The May 21 flight was a milestone in Martin's dream of building the world's first practical jetpack.

"The first people using these in cities will be medical personnel doing emergency response," he said.

"Then you'll see people putting camera mounts on them for traffic reporting and it will eventually evolve into people just flying for fun or going to work."

Martin's jetpack - which Time likened to two enormous leaf blowers welded together - consists of a pair of cylinders containing propulsion fans attached to a free-standing carbon-fibre frame.

The pilot backs into the frame, straps himself in and controls the wingless jetpack with two joysticks.

Powered by a two-litre V4 engine generating about 200 horsepower, the concept as explained by Martin is simple: "If you shoot enough air down fast enough, then you'll go up."

Fine-tuning details to turn the idea into a safe, workable flying machine has taken decades.

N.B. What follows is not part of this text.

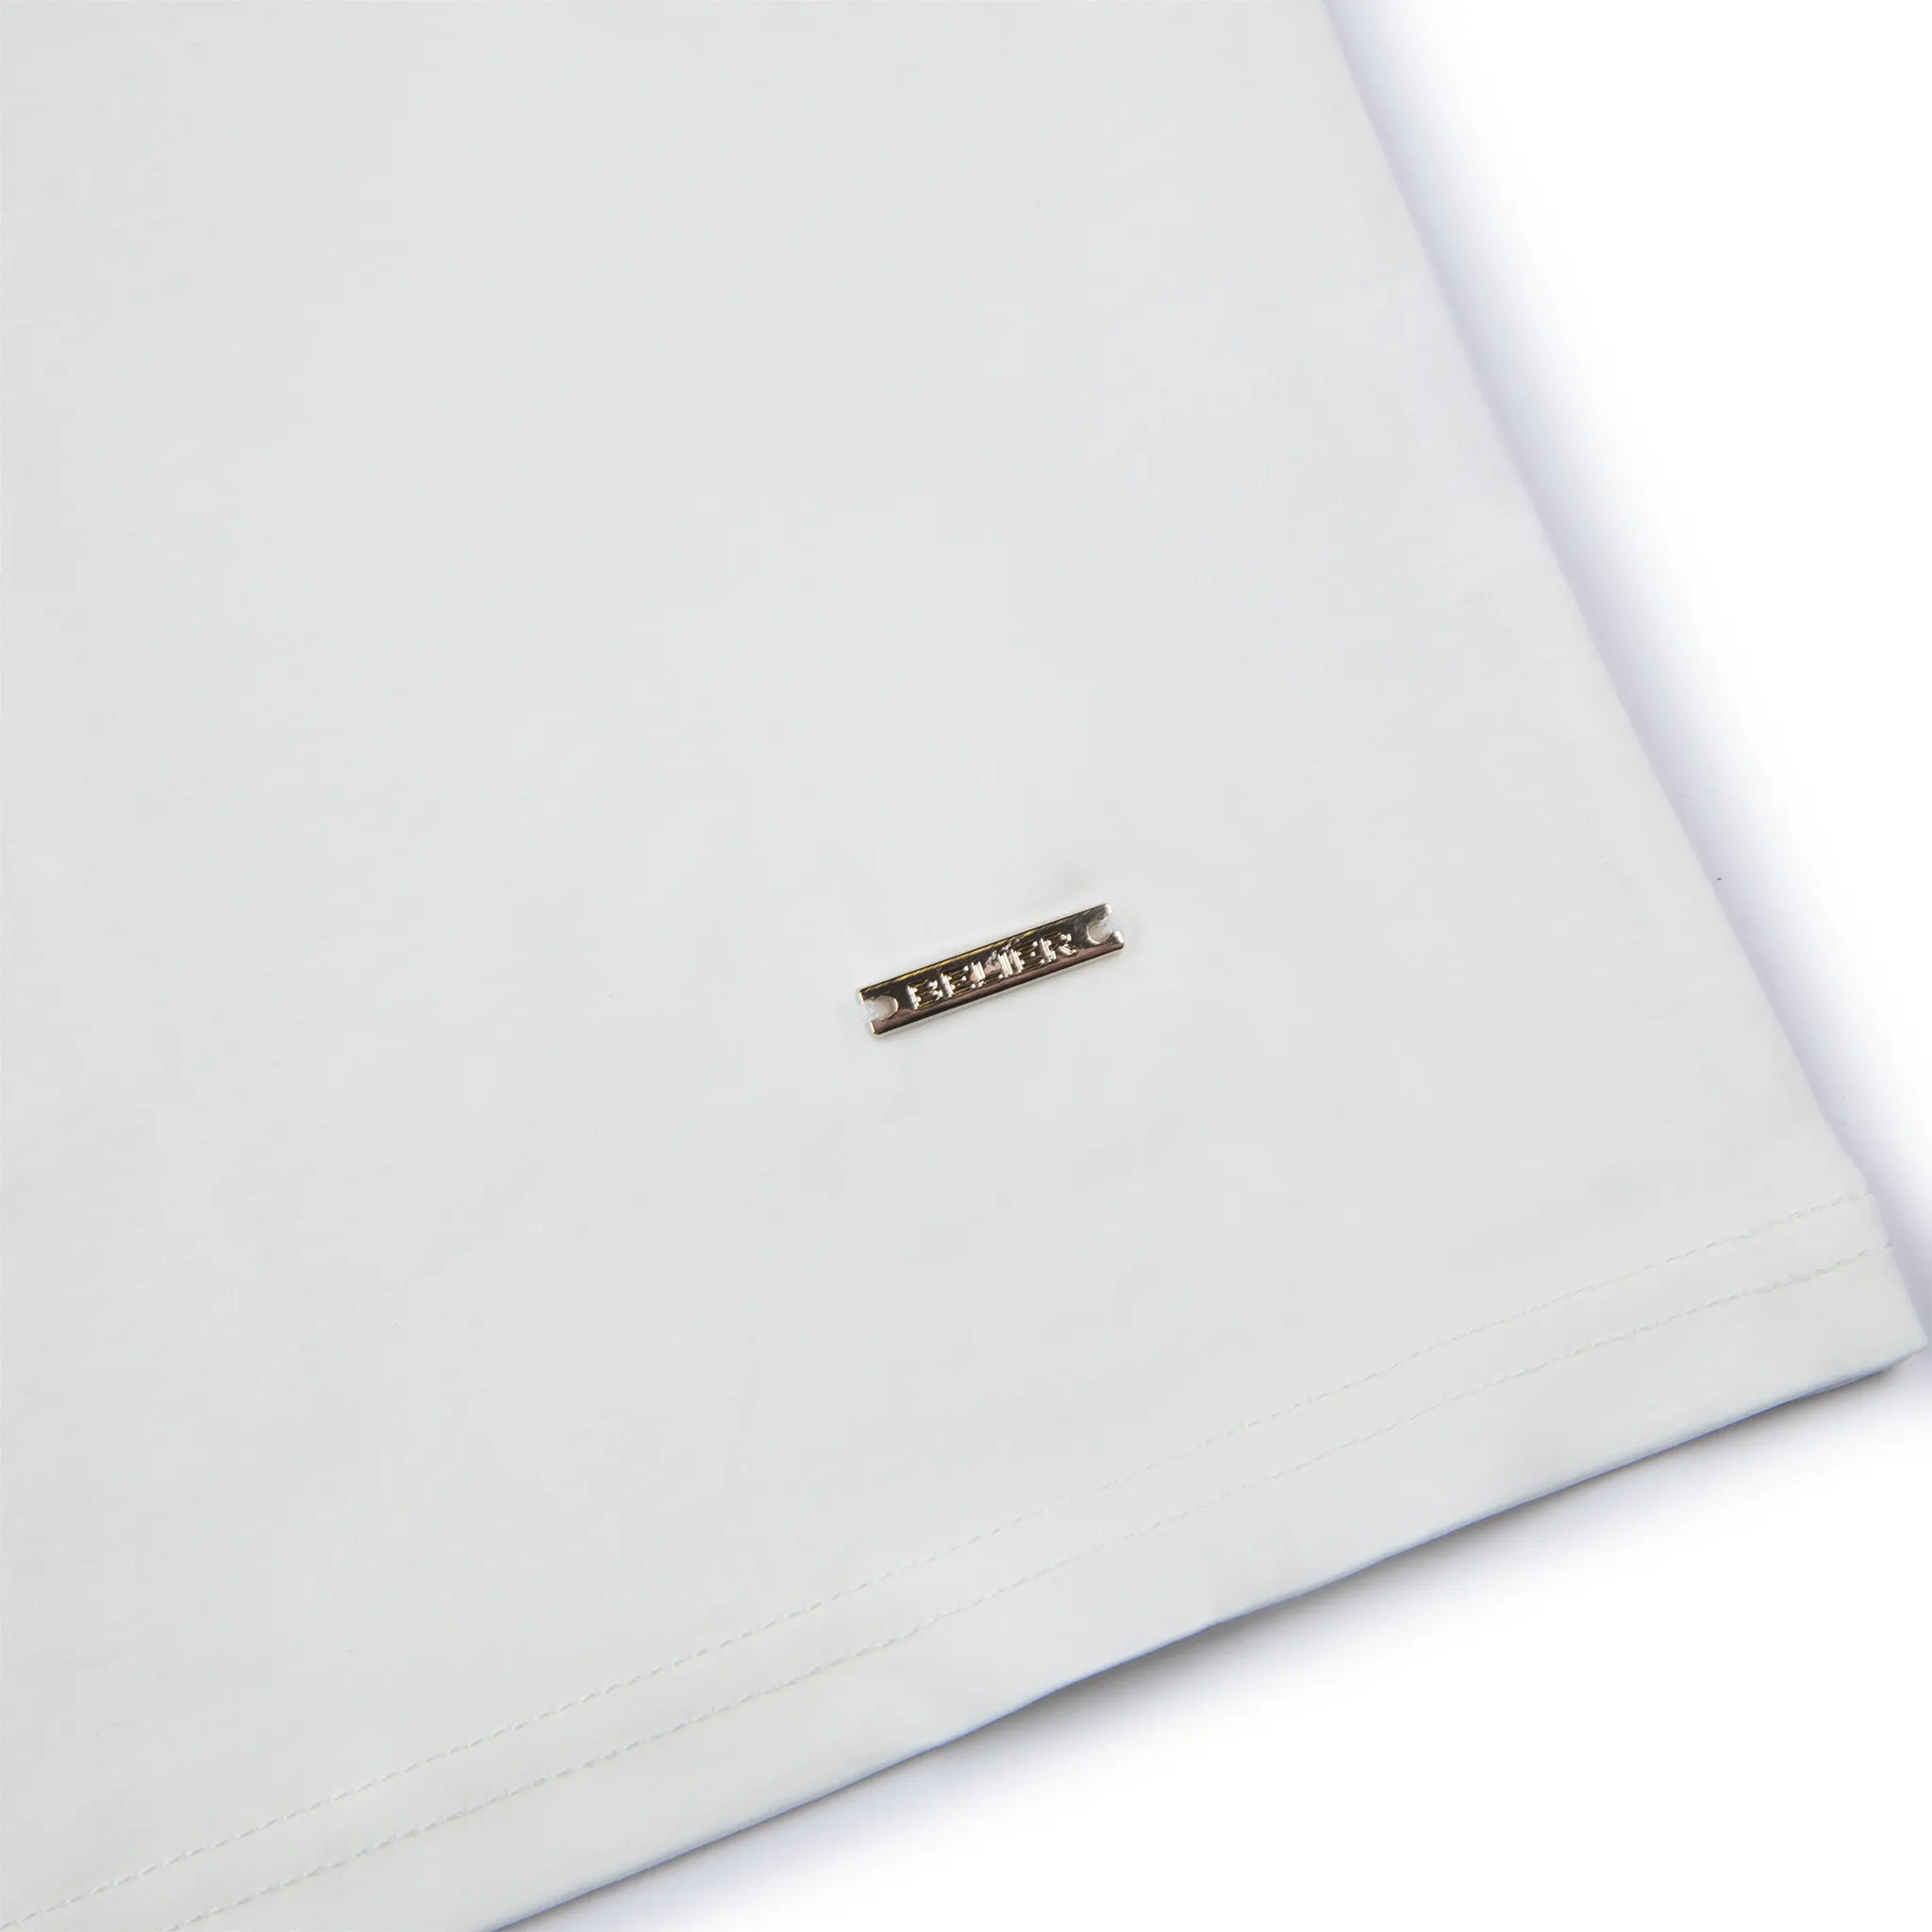 Detail view of Belier Illusion Print White Light Blue Pocket T Shirt BM-192
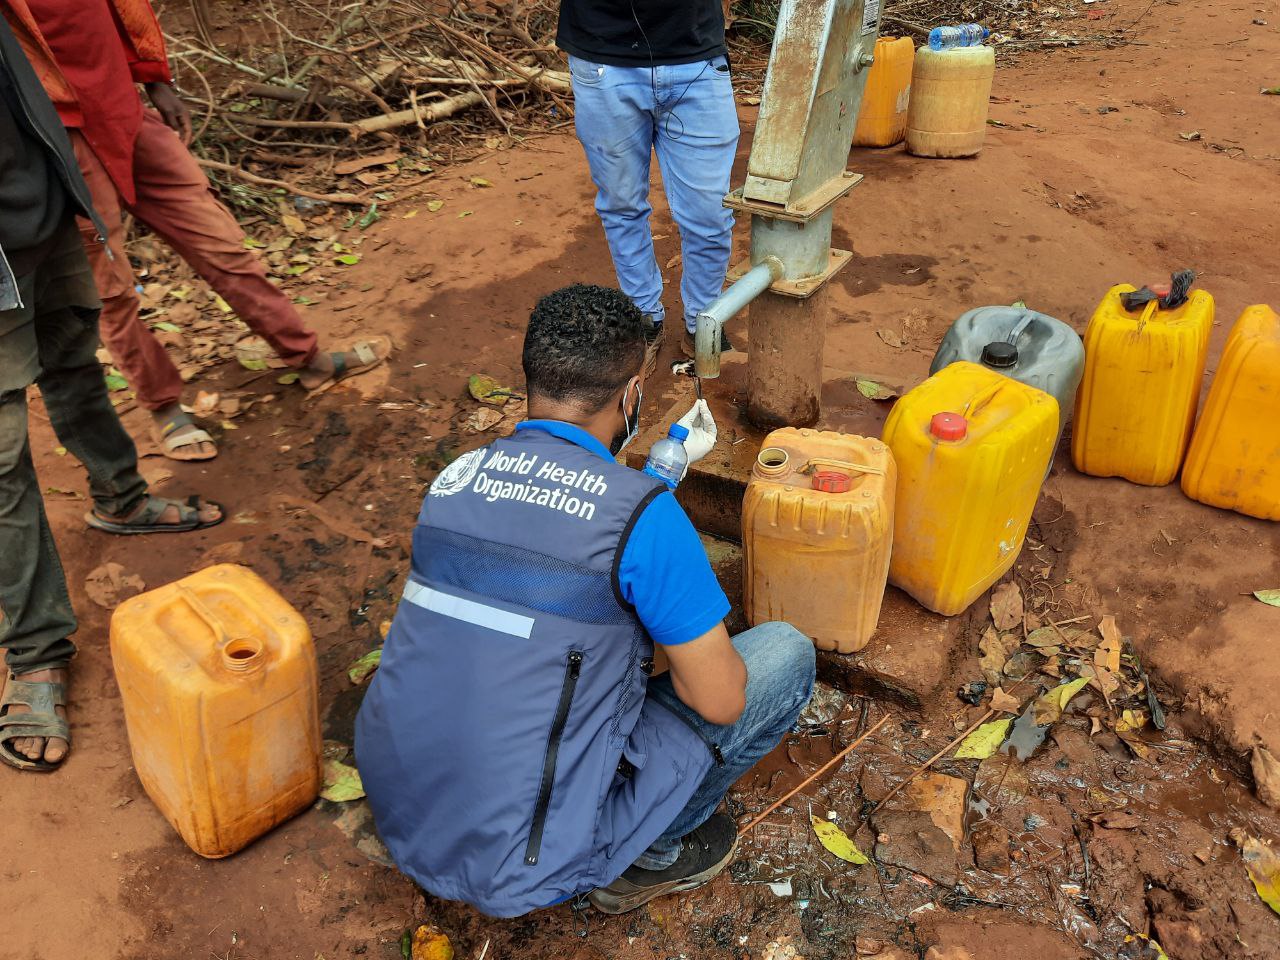 EU provides €1 million emergency aid for Ethiopia's cholera crisis

After numerous prototypes, the model that Martin hopes to put into production is designed to meet US ultralight standards, weighing less than 115 kilograms (254 pounds) and carrying a 20 litre (4.5 gallon) fuel tank.

That theoretically gives it a 30 minute flight time and a range of 50 kilometres (31 miles), although he said work was already underway on versions with extended capabilities. Martin says flying the machine can be mastered in less than an hour. It has a rocket-propelled parachute if anything goes wrong.

The history of jetpack flight is littered with failure. Probably the best known attempt is the Bell Rocket Belt, which featured in the James Bond movie "Thunderball". It could only fly for 30 seconds and is now gathering dust at the Smithsonian Institution in the United States.